A Tribute from the Family
Paul Fränkel, the second youngest of seven siblings, was born in Nepolokovitz, Bukovina on Purim 8 March 1900 into a chassidic family. His father, Rabbi David Frankel, was a prominent member of the Community.
Further background to the family
At an early age, he decided that life in a shtetl was not for him and following the outbreak of the First World War in 1914 he and his family fled Bukovina to Vienna. He subsequently served in the Austro – Hungarian army during the the First World War. In Vienna, he went into the hosiery business as an agent for a Swiss mens shirt company acting as a travelling salesman, and eventually opened a shop with one of his brothers. He married Therese Lampl in Vienna in 1931 and in 1932 following the deep depression and with the rise of anti-semitism decided to emigrate to Sweden with his wife, his sister-in-law and three other young couples in the hope of finding a better life pursuing different business interests.

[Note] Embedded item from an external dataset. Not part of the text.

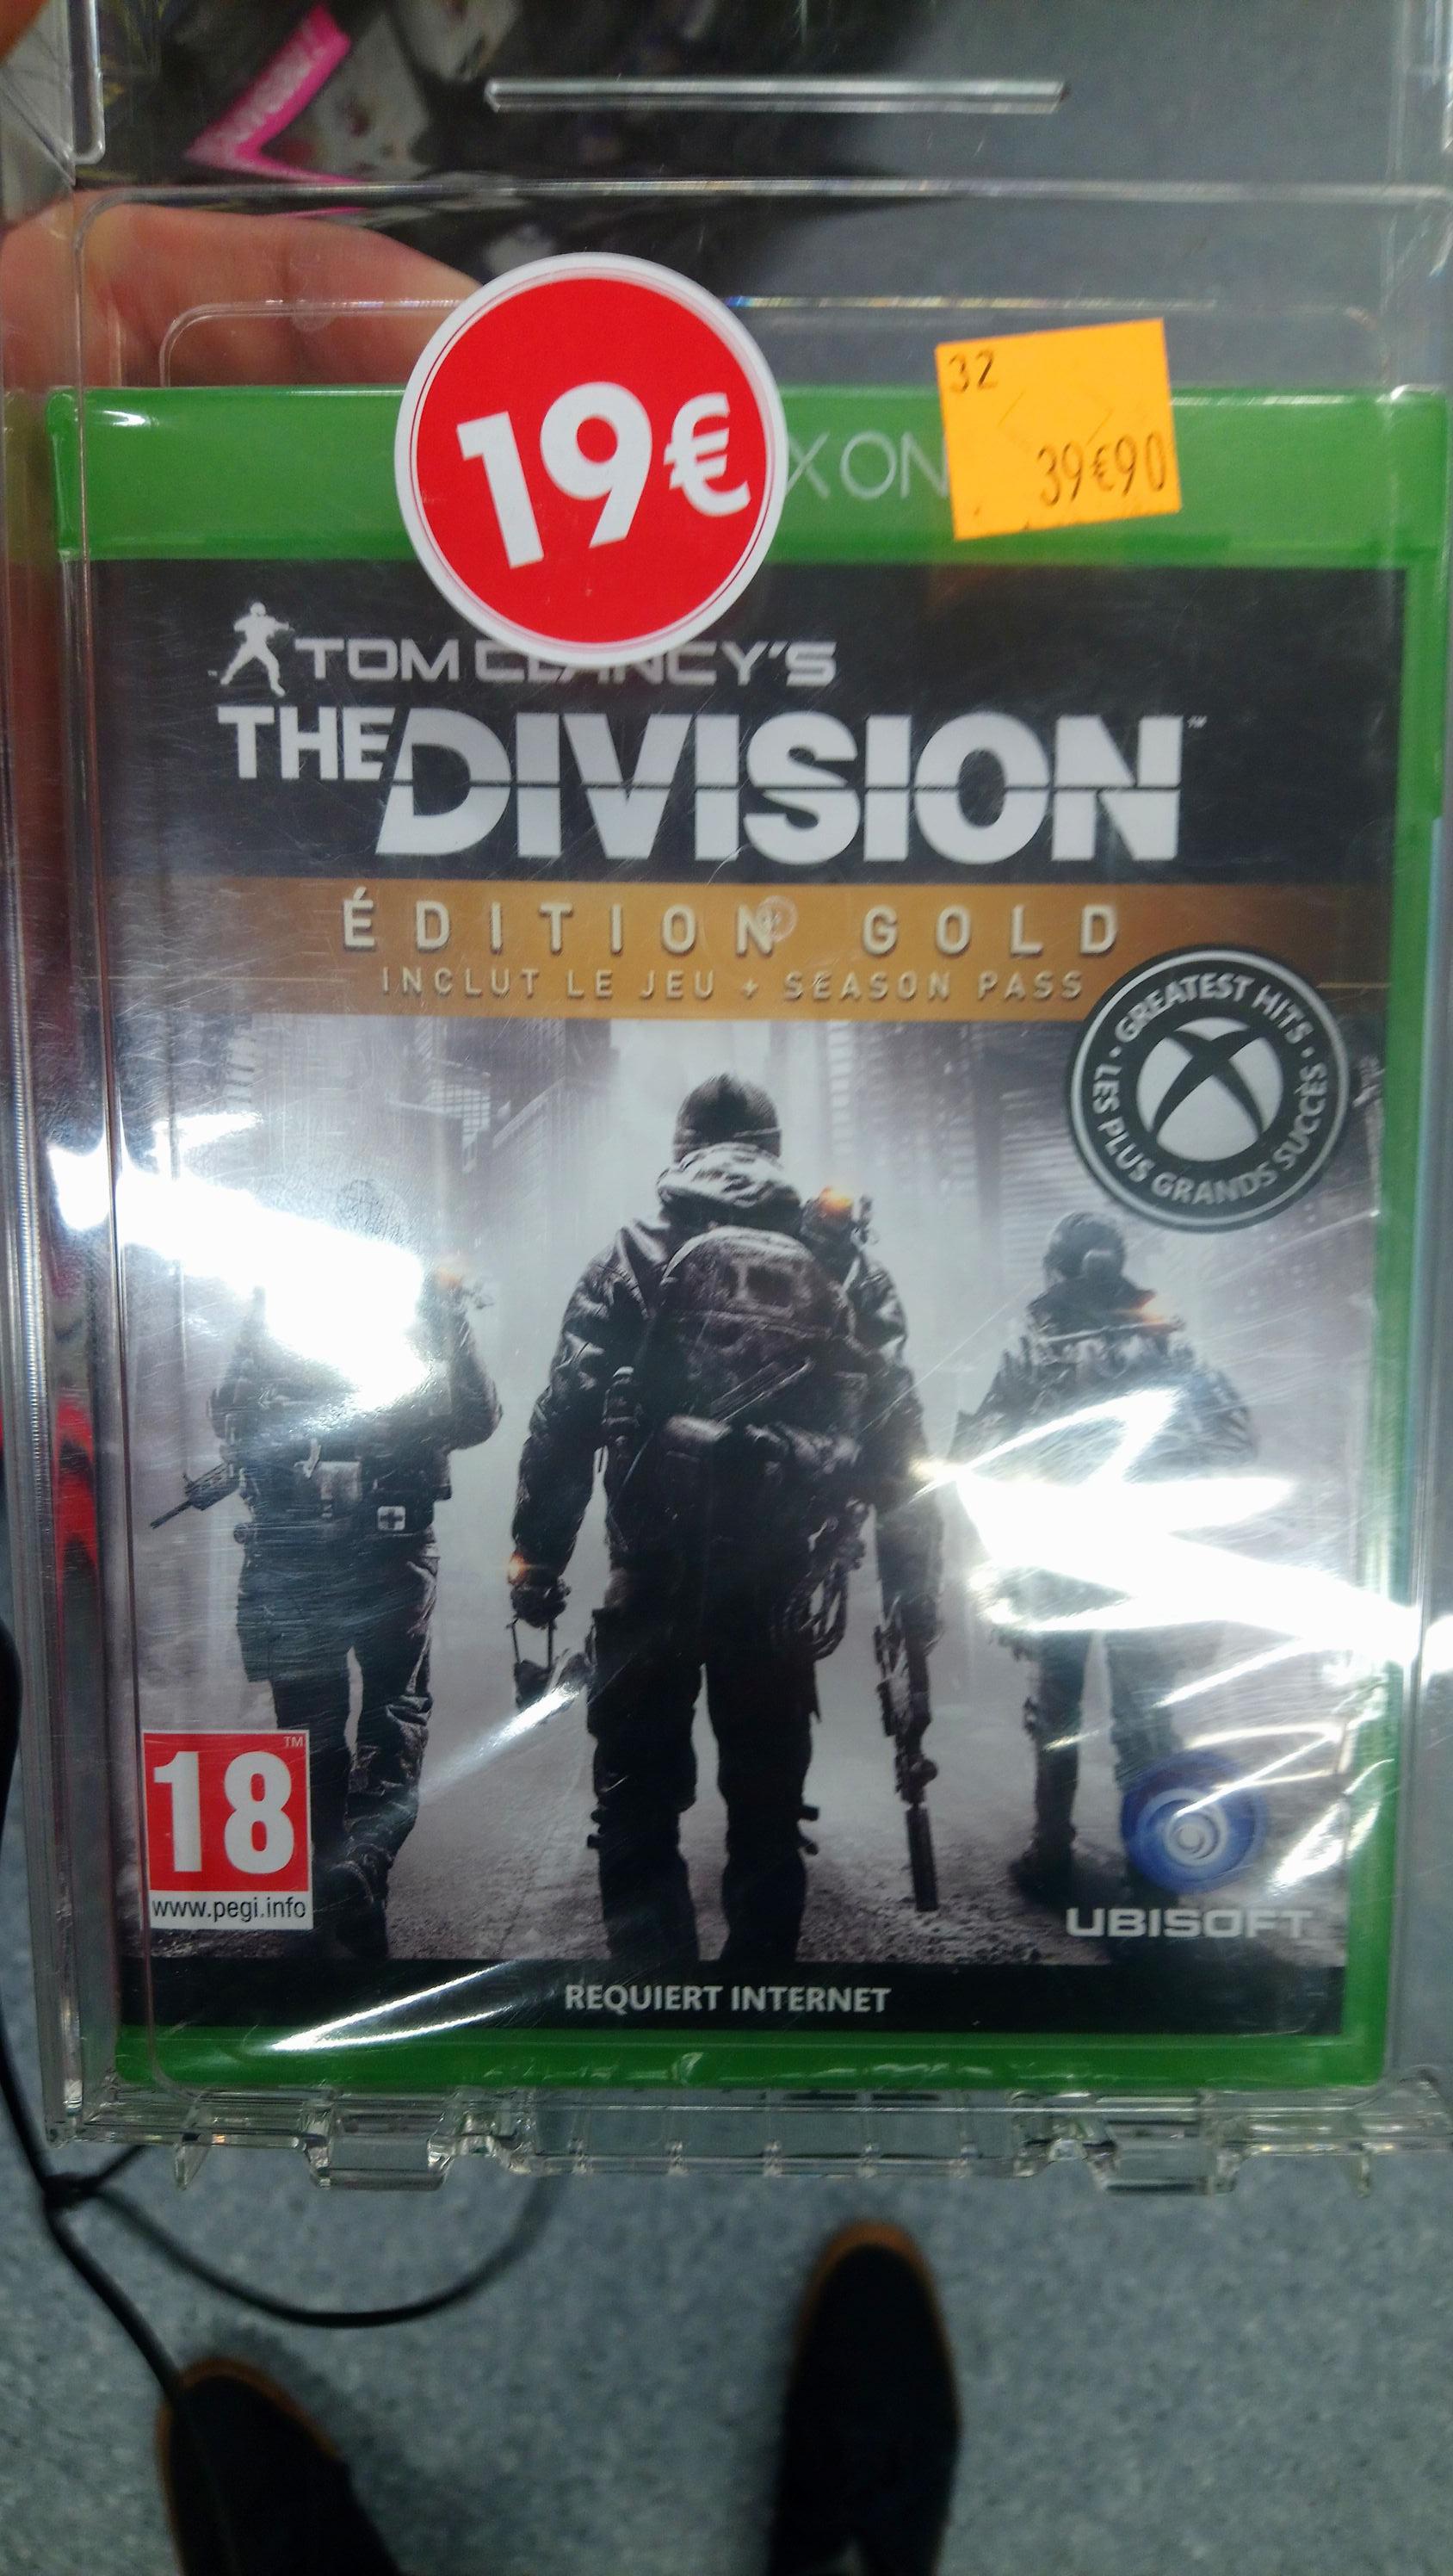 The Division GOTY sur Xbox One - Créteil (94)

In Sweden, by chance he went into the fur business and prospered becoming highly successful. He became a Swedish citizen in 1941. During the Second World War he made strenuous efforts to save Jews from Nazi persecution, working with leaders of the World Jewish Congress. He visited the Romanian Embassy to intervene on behalf of Romanian Jews, and took part in meetings with Raoul Wallenberg in the home of the then Chief Rabbi, Marcus Ehrenpreis, before Wallenberg’s ill-fated mission to Hungary. He worked with a committee, headed by Gillel Storch , which helped Jews escape the Holocaust . He was also able through his contacts to help members of his family escape the Holocaust to Israel and the US in 1939.
After the war, he raised two daughters in Stockholm, was very prominent in the Jewish community and highly active in the Great Synagogue of Stockholm as a warden for many years and was the Chairman of the Swedish Keren Hayesod for twenty years – the local equivalent of the JIA helping to raise funds for the establishment of the State of Israel. He also led a Swedish Government mission to the new state in 1949.

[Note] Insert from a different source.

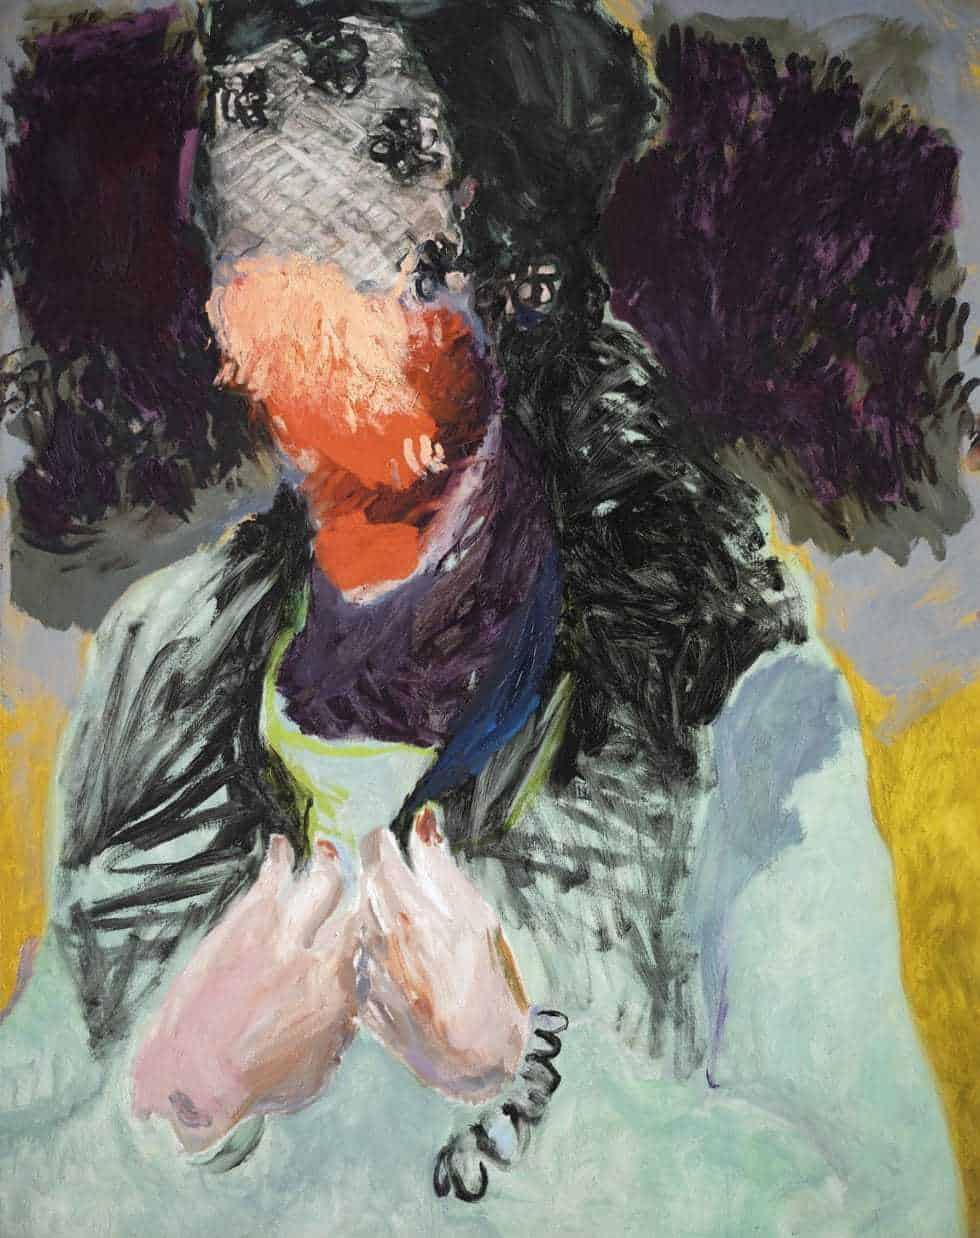 Gaël Davrinche O homem das mil caras Artes & contextos gael davrinche 12 980x1238 1

He had a passion for life, was a consummate traveller with a particular love for alpine skiing. He regularly found himself in London to visit one of his daughters who had married and settled there. He passed away in Stockholm on 16 March 1993 survived by large families in both London and Stockholm.
Paul Frankel was a formidable individual, a man devoted to his family and community, a man of compassion who possessed extraordinary business acumen using all his undoubted skills to save a significant number of Jews from the horrors of the Holocaust. It is highly appropriate for him to be remembered at the Wiener Library.